終わった後はなんとなく力が抜けていますが、
じっくりフォームを改善したり、次のステップへ上がる大事な時間ですよね。

毎年、練習に関するアンケートを各家庭に回答いただくのですが、
ほとんどのお母さんがおっしゃるのが、
「ヴァイオリンはやはり難しい。自分の習ったピアノに比べても親のサポートも必要。」
という声が大きいです。

「奏法に関する本を1冊買ってみようと思うのですが、私が読んでも分かりやすいものはありますか?」
とあるお母さんに聞かれ、

これなんかどうでしょう?
と提案した2冊がこちら。
小さな手の  バイオリンのおけいこ
小さな手のためのヴァイオリン・レッスン/松中久義 著
ヴァイオリンのおけいこ/鷲見三郎 著

「それが、これ廃刊になってしまってるんですよ!中古でもすごく高額なんです!」
とネットで調査済みのお母さん。

実は私は実家から持って来ていたので持っているのですが、
なんか得した気分!(*'▽')
昔のお母さんは(私の母親ですら)はこういう本で勉強していたのですね。

最近読んだ本によると、
社会へ出る職業の選択が出来なかったその時代の母親達が、
「子供をヴァイオリニストにすれば、この子はその仕事を全うできる!」
と考え、自分の子供たちに必死でヴァイオリンを仕込んだのだそうです。
演奏家にならなくとも、家で教える事なら、なおさら女性の仕事としては良かったかもしれません。

私が大学生くらいの時ですら、
お見合いするのに音大卒だと有利だから音大に入った。
なんていう話を聞いて、
女性だって職業を自分で選択するのが当たり前だと信じていた私は大きくショックを受けたものでした。

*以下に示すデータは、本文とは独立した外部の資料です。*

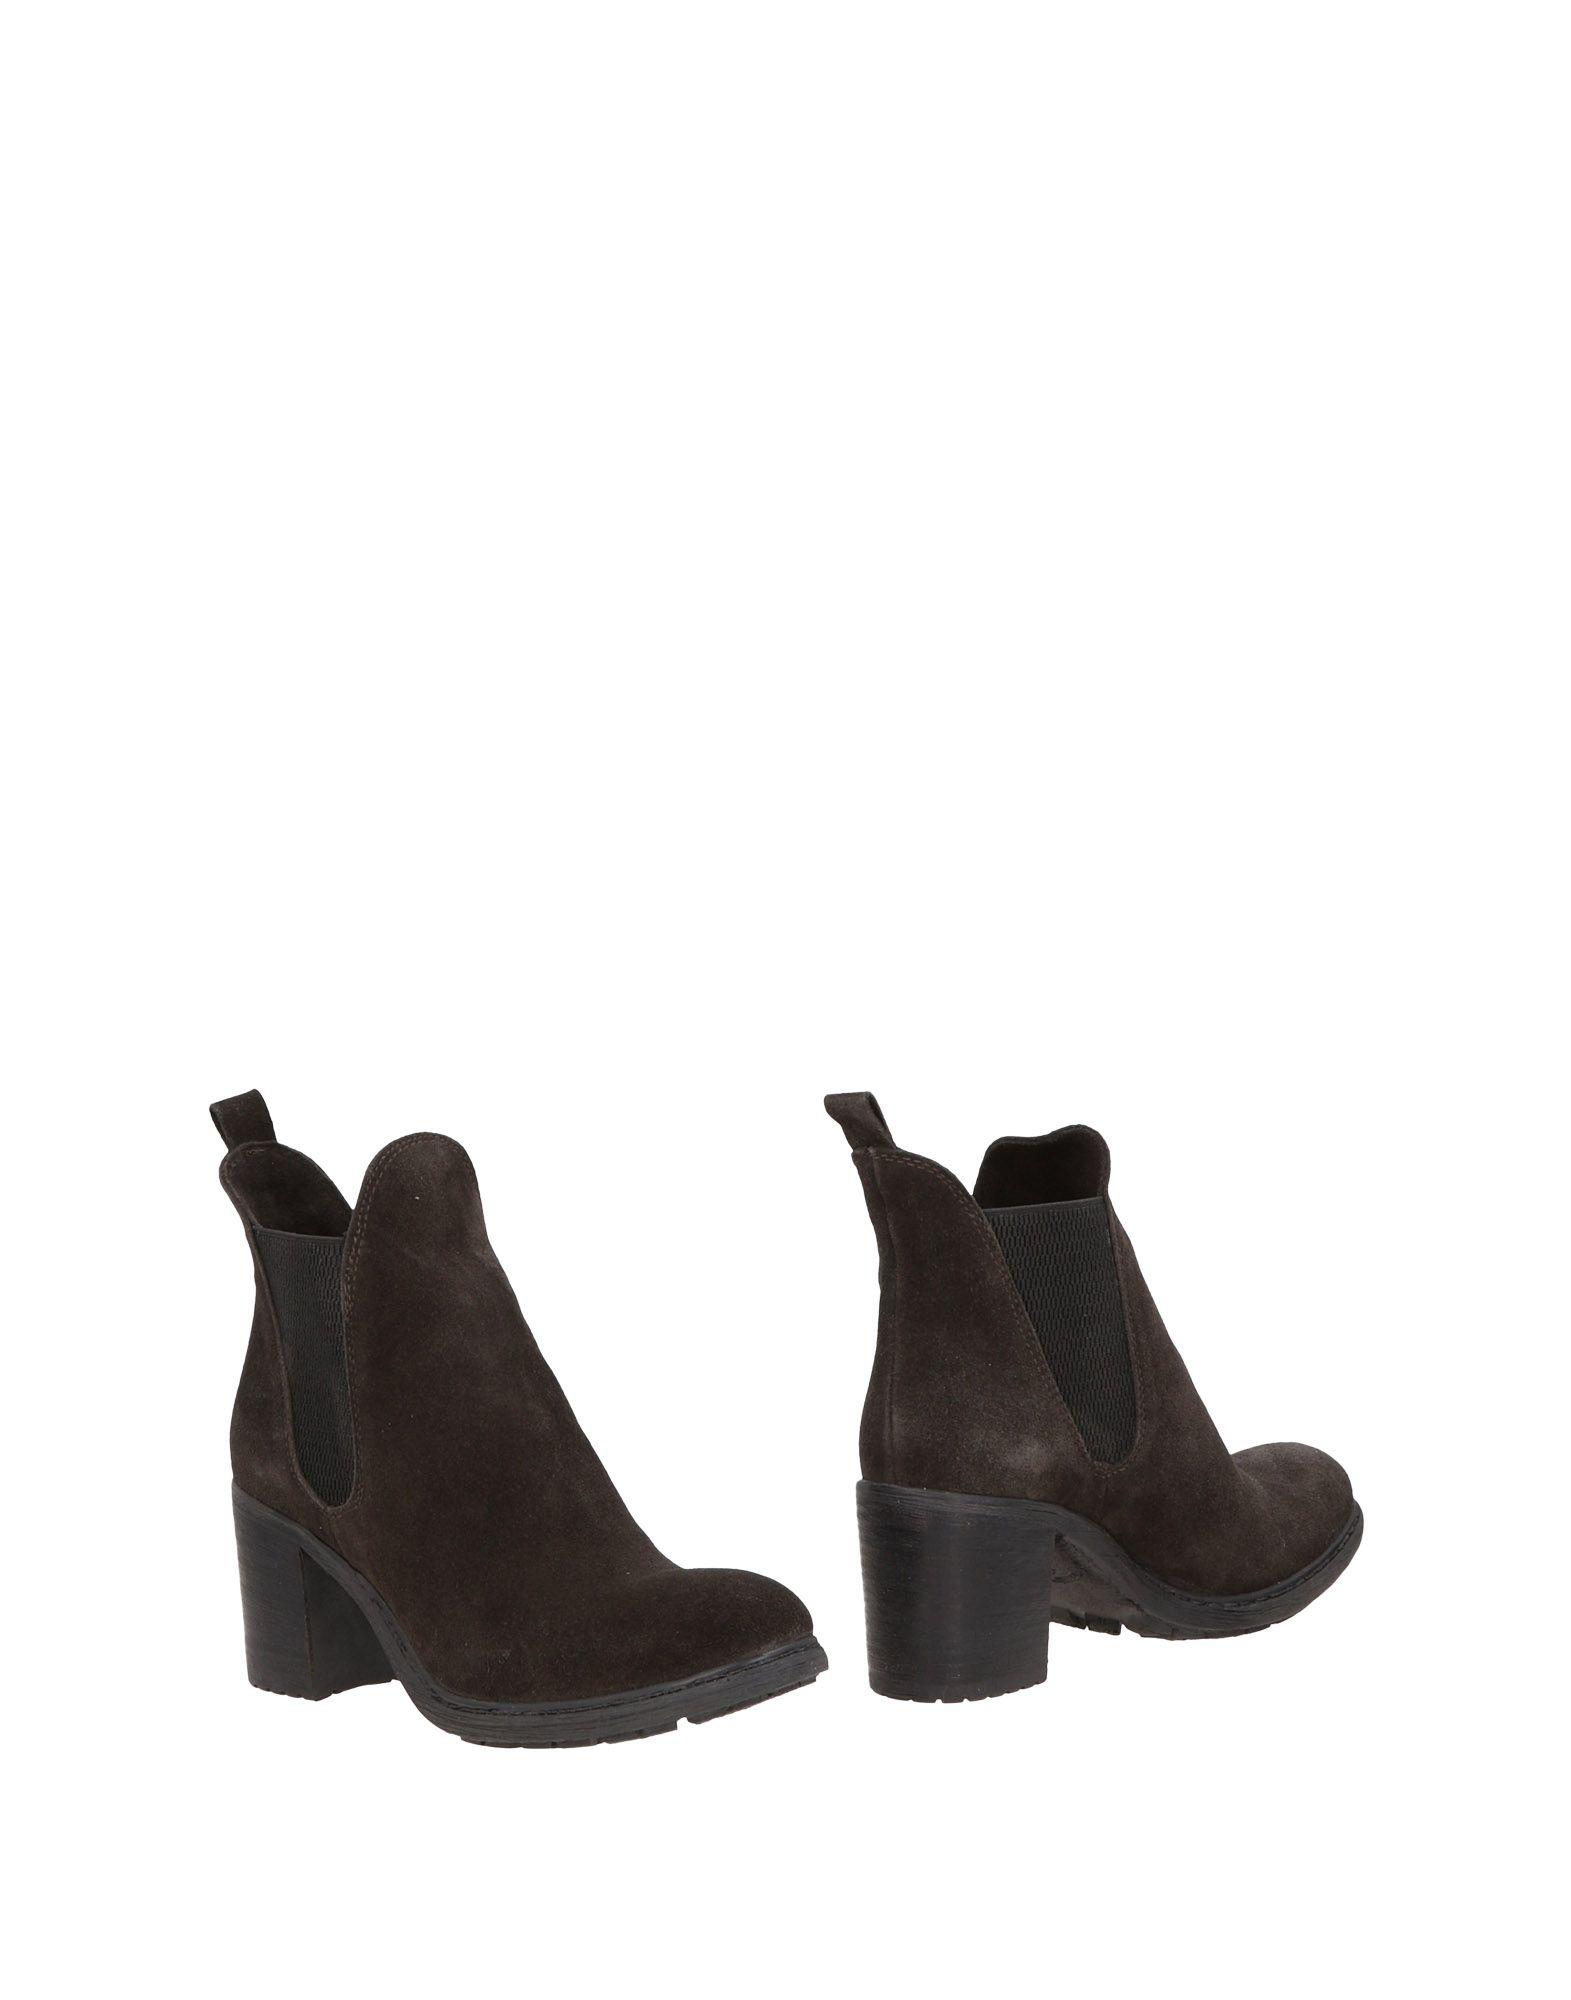 La Corte Della Pelle By Franco Ballin Chelsea Stiefel Damen sich Gutes Preis-Leistungs-Verhältnis, es lohnt sich Damen 3678 3d808a

今では女性でも医者や弁護士等、なりたいものは何でもなれるし、
頑張れば家庭と仕事の両立も出来ますよね。
勉強が出来るなら音大なんか行かないでヴァイオリンは趣味で・・・。となるんだそうです。


と大きく話がそれたところで(笑)、

他にも専門的な奏法の本(ガラミアンとかメニューインとか)はありますがとても難しいし、
(図解されていないとなおさら文章で分かりずらい)
最近よく出ている気軽な本は、大人になってから趣味で始める人なども視野に入れて書かれているものが多い・・・。
(時代です)

という所で私がいろんな本を総合的にまとめて
「ここだけは なおそう」
というプリントを作ってみました。
ここだけ1

↑例・左の親指のフォーム
(これ以外に、左のひじ、おさえ方、右腕の角度・・・・と細かくいっぱいあります)

手間はかかりますが、フォームを直す事に意識が向くのと、
「先生はもう言いましたよ!」
と証拠に残るので私にはなかなか良いです(笑)

「○月○日までに なおします」
と本人に期限を決めさせて、書き入れる欄まで付いていて、
半ば脅迫のよう?(苦笑)

ヴァイオリン奏法の知識
↑最近中古で買いましたが、こちらもなかなか良かったです。
ヴァイオリン奏法の知識/菅原英洋 著
しかし、こちらも廃版かもしれません。

おまけ

ここだけ

第3ポジションに移る時の事もあらかじめプリントを渡すと、順序立てて教えやすいので重宝しています。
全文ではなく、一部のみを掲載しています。